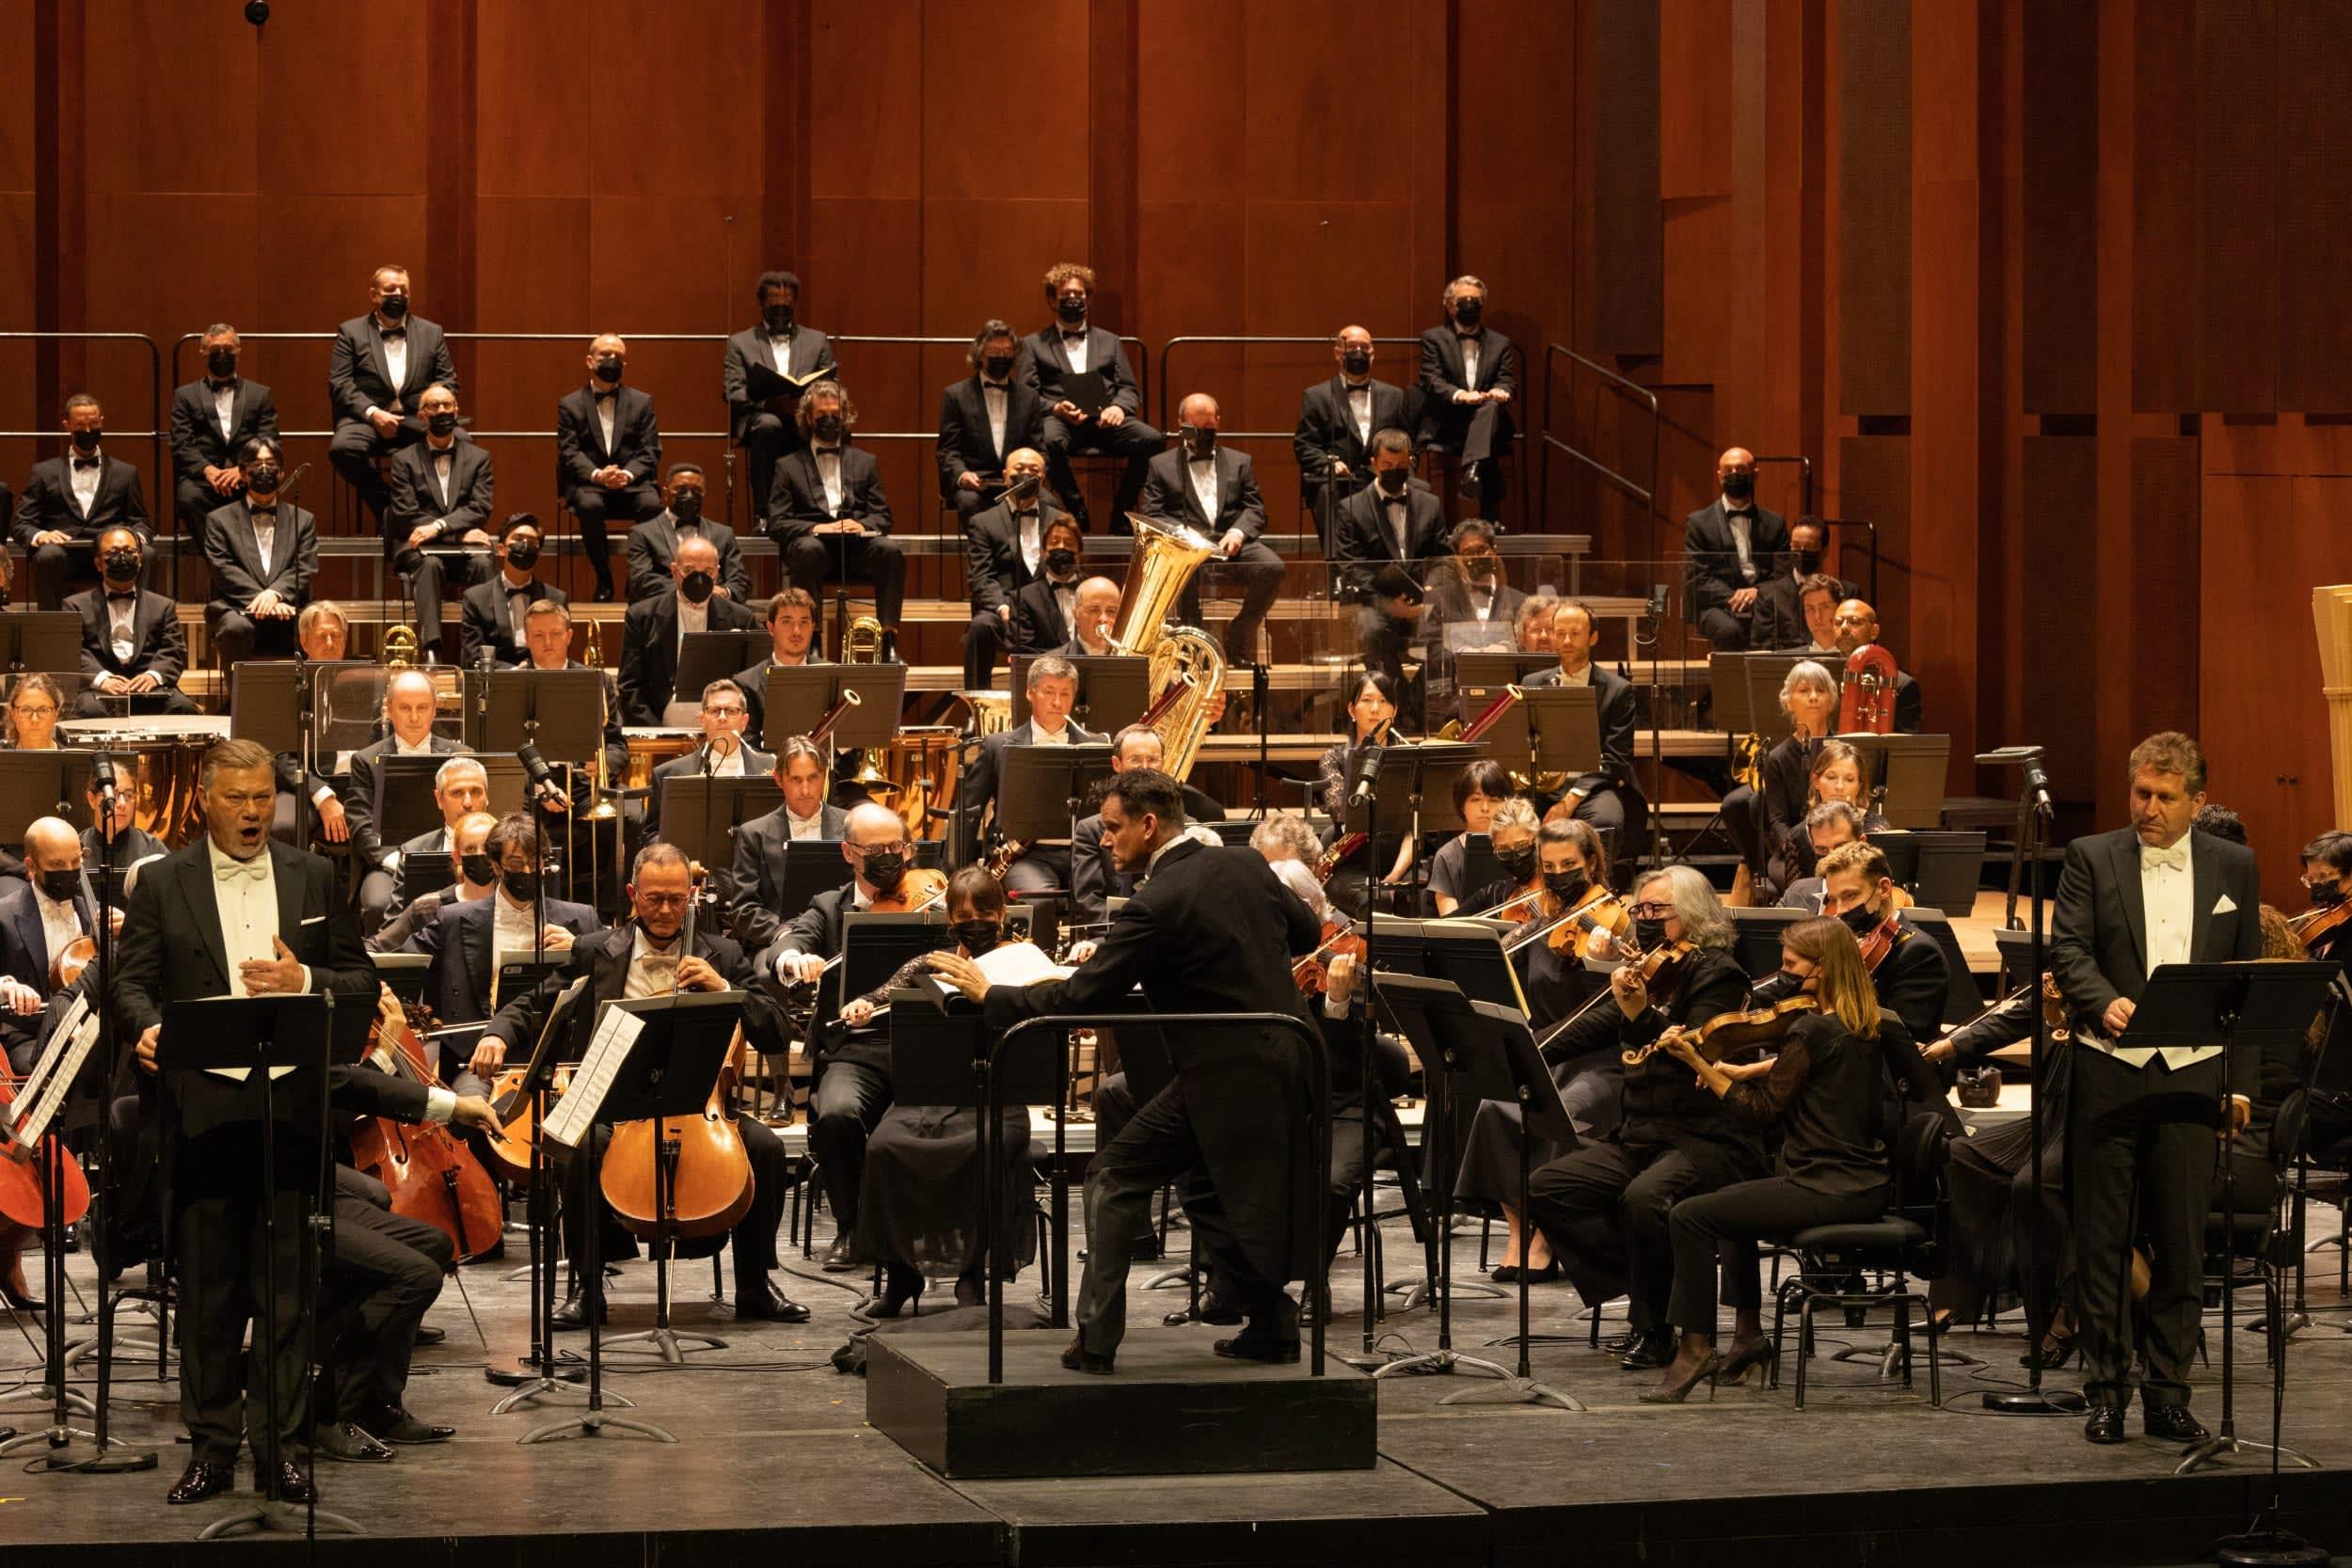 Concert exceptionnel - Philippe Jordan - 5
★ ★ ★ ★ ★ ★ ★
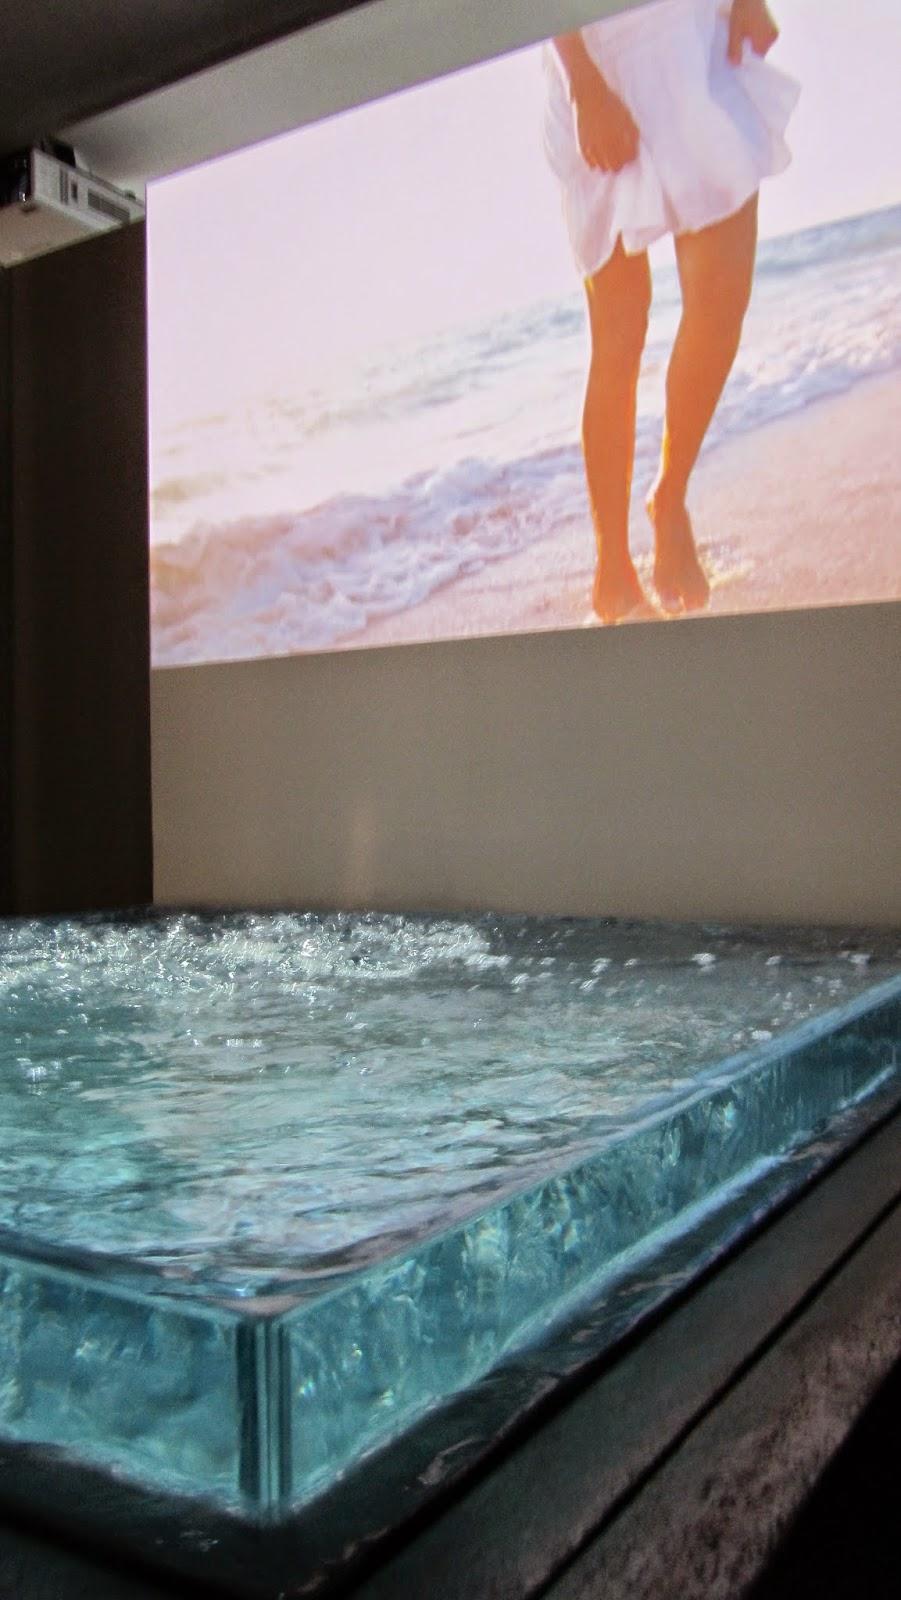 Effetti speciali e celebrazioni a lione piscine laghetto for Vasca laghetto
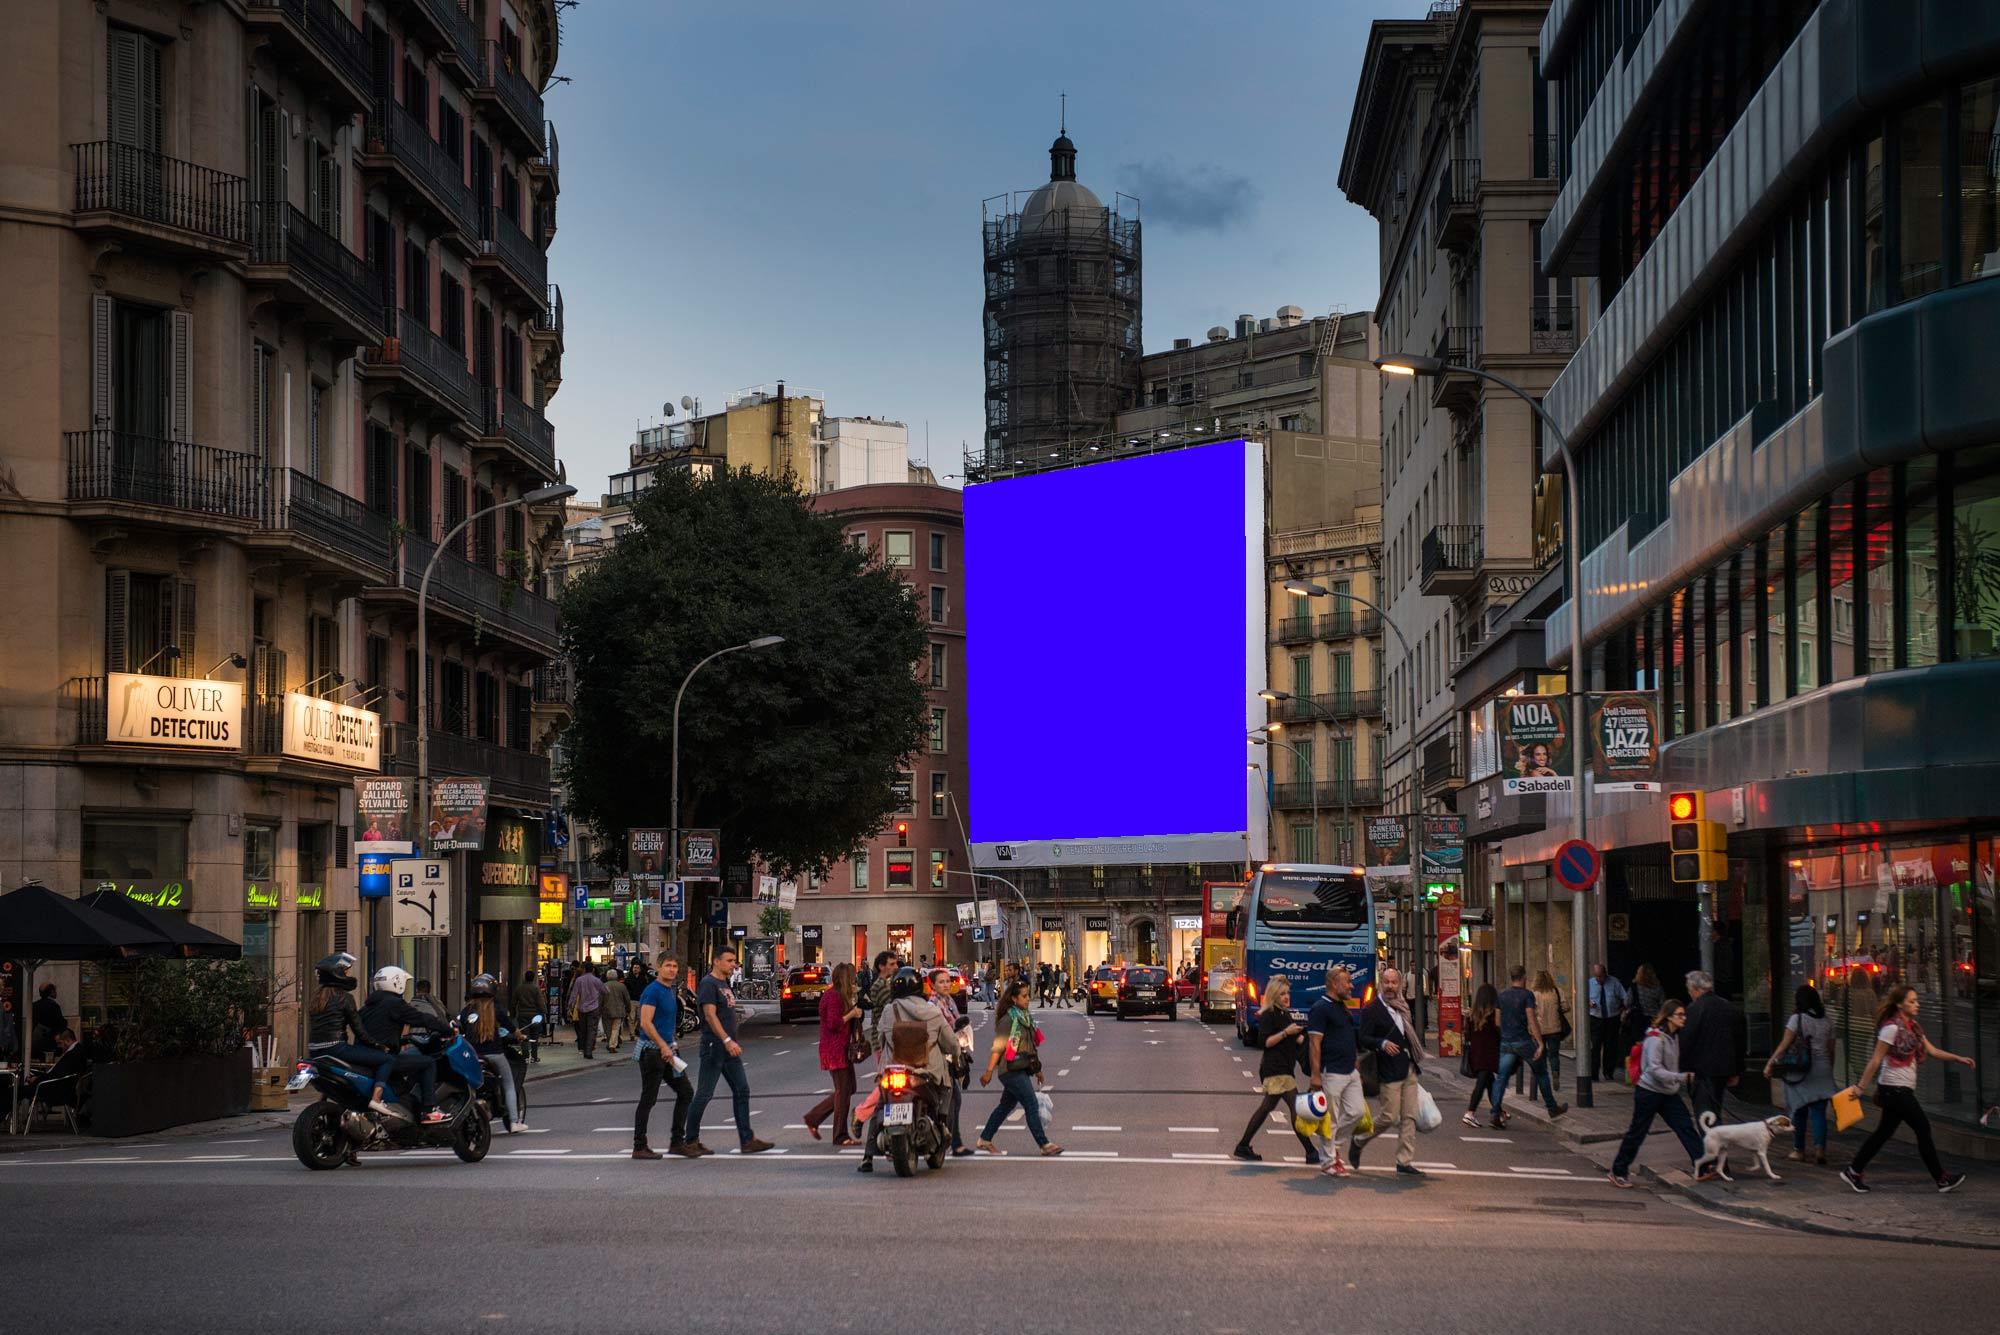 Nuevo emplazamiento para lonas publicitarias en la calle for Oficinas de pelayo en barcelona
★ ★ ★ ★ ★ ★ ★
Reproduce exactly, with no pictures, the lines above from the one holding "Effetti speciali e" to the one holding "Nuevo emplazamiento para", inclusive.

# [Output for this task]
 Effetti speciali e celebrazioni a lione piscine laghetto for Vasca laghetto
 Nuevo emplazamiento para lonas publicitarias en la calle for Oficinas de pelayo en barcelona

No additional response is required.